La famille de Annegret Reh-Gartner est depuis des lustres dans la distribution de vins. Si Annegret a pris en charge le lourd Reichsgraf von Kesselstatt, sa soeur s'occupe de l'investissement bourguignon de la famille : le Domaine Bertagna.
A Reichsgraf von Kesselstatt, sur les bords de la Ruwer, les choses sont un peu compliquées, du fait de l'éloignement des principaux vignobles qui sont sur les 3 Etats : Mosel, Saar, Ruwer. Beaucoup d'équipements et de personnel sont en triple exemplaires. Les charges sont donc supérieures à d'autres, mais ce n'est pas cela qui arrêtera la volonté de réussite par le haut des propriétaires. Seul l'évêché de Trèves a ainsi des vignes sur ces 3 régions.
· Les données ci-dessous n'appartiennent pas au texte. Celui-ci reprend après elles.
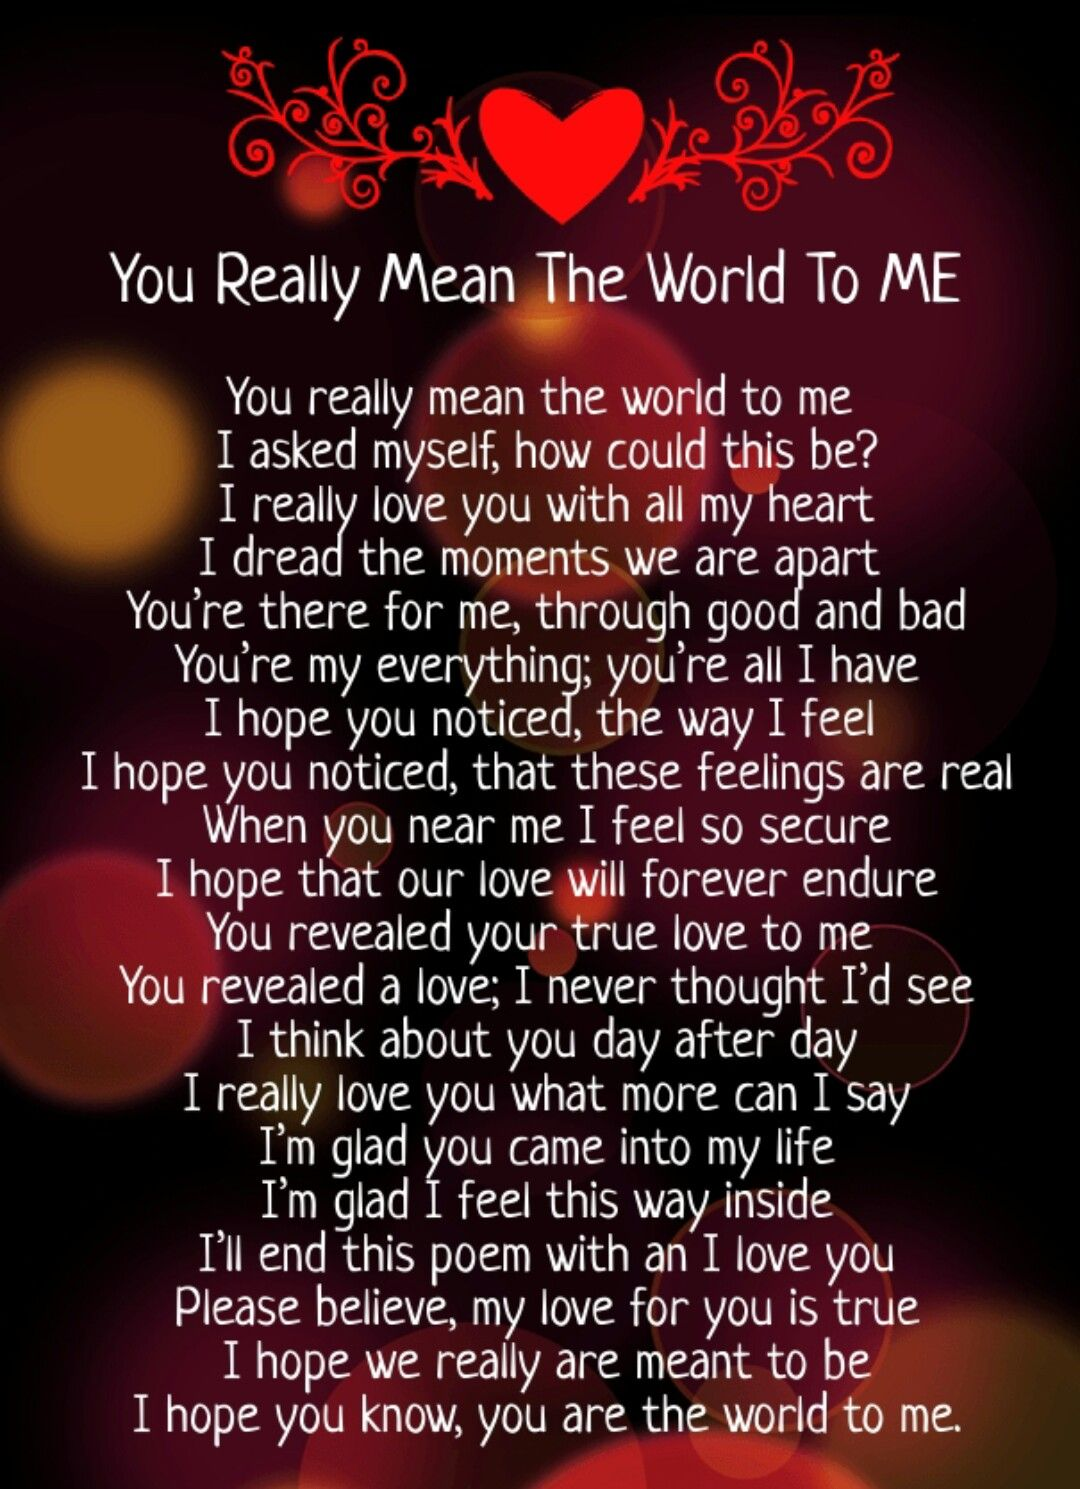 Idea by Dana Hamilton on Sayin' Love yourself quotes

En Allemagne, comme en France, quand ce sont des femmes qui sont à la tête de propriétés viti-vinicoles, on dénote assez facilement un entêtement supérieur vers la réussite et la juste reconnaissance.
Warum nicht ?
Région de prédilection des grands rieslings européens, la Mosel/Saar/Ruwer (à Metz on écrit "Moselle") est une région singulière tant les collines bergeant ces fleuves tranquilles peuvent avoir de redoutables pentes escarpées où le travail de la vigne n'est pas mécanisable et où donc l'homme y souffre plus qu'ailleurs. Il faut une sacrée dose d'abnégation pour entretenir cette terre rare qui subsiste en une minime épaisseur sur des sols granitiques, volcaniques ou d'ardoises bleues ou noires.
Membre de l'illustre confrérie VDP, Reichsgraf von Kesselstatt a trouvé un bel équilibre entre production de vins secs et vins doux (la meilleure traduction pour "süss" ?), et une harmonie entre ventes nationales et export. Très longtemps, le marché allemand suffisait à l'écoulement des vins produits. On n'y gagnait pas grand chose, mais comme on a des goûts simples, cela a suffi pour une ou deux générations.
Les choses ont changé, et face à une concurrence mondiale croissante, l'Allemagne a compris qu'elle avait une carte à jouer sur des vins semblables à nuls autres. Certes, elle souffre de deux handicaps : une langue pas fondamentalement compréhensible ni même lisible pour la vaste majorité des anglo-saxons (je ne parle même pas des asiatiques) et une législation à côté de laquelle nos lois françaises d'AOC sont d'une limpidité cristalline !
Ne soyons pas mesquins : c'est finalement secondaire, car dans le monde d'aujourd'hui, ce qui compte vraiment, c'est la réputation du nom, du Domaine et de ses notes dans les principaux guides.
Nous avons dégusté à Kesselstatt essentiellement des vins "secs" (soit moins de 8 g de sucre résiduel) et s'il fallait résumer de deux mots les caractéristiques majeures de ces crus, ce serait "race et limpidité". Bon, vous me direz qu'avec le riesling, c'est facile. C'est un peu comme avec le pinot noir : ou c'est résussi et on navigue alors entre le grand et le sublime, ou ce n'est pas réussi et là, on arrête tout de suite car cela devient très, très vite médiocre ou quelconque. Ce qui n'est pas le cas, convenez en, avec un chardonnay ou un assemblage de merlots/cabernets où on accepte plus facilement des moyennes cosi-cosi.
QUELQUES PHOTOS
A côté des vignes d'Egon Müller sur le célébrissime climat "Scharzhof" : merci de patienter au moins dix ans.
Un des joyaux de Kesselstatt, version "Kabinett"
L'époux d'Annegret, Gerhard Gartner, un ancien chef ** macarons au Guide Rouge, un joyeux luron comme seules les régions vinicoles peuvent en produire ! Ici, on parle français et on respecte Napoléon qui a levé le joug de l'Eglise sur toute une région où elle régnait en maître absolu.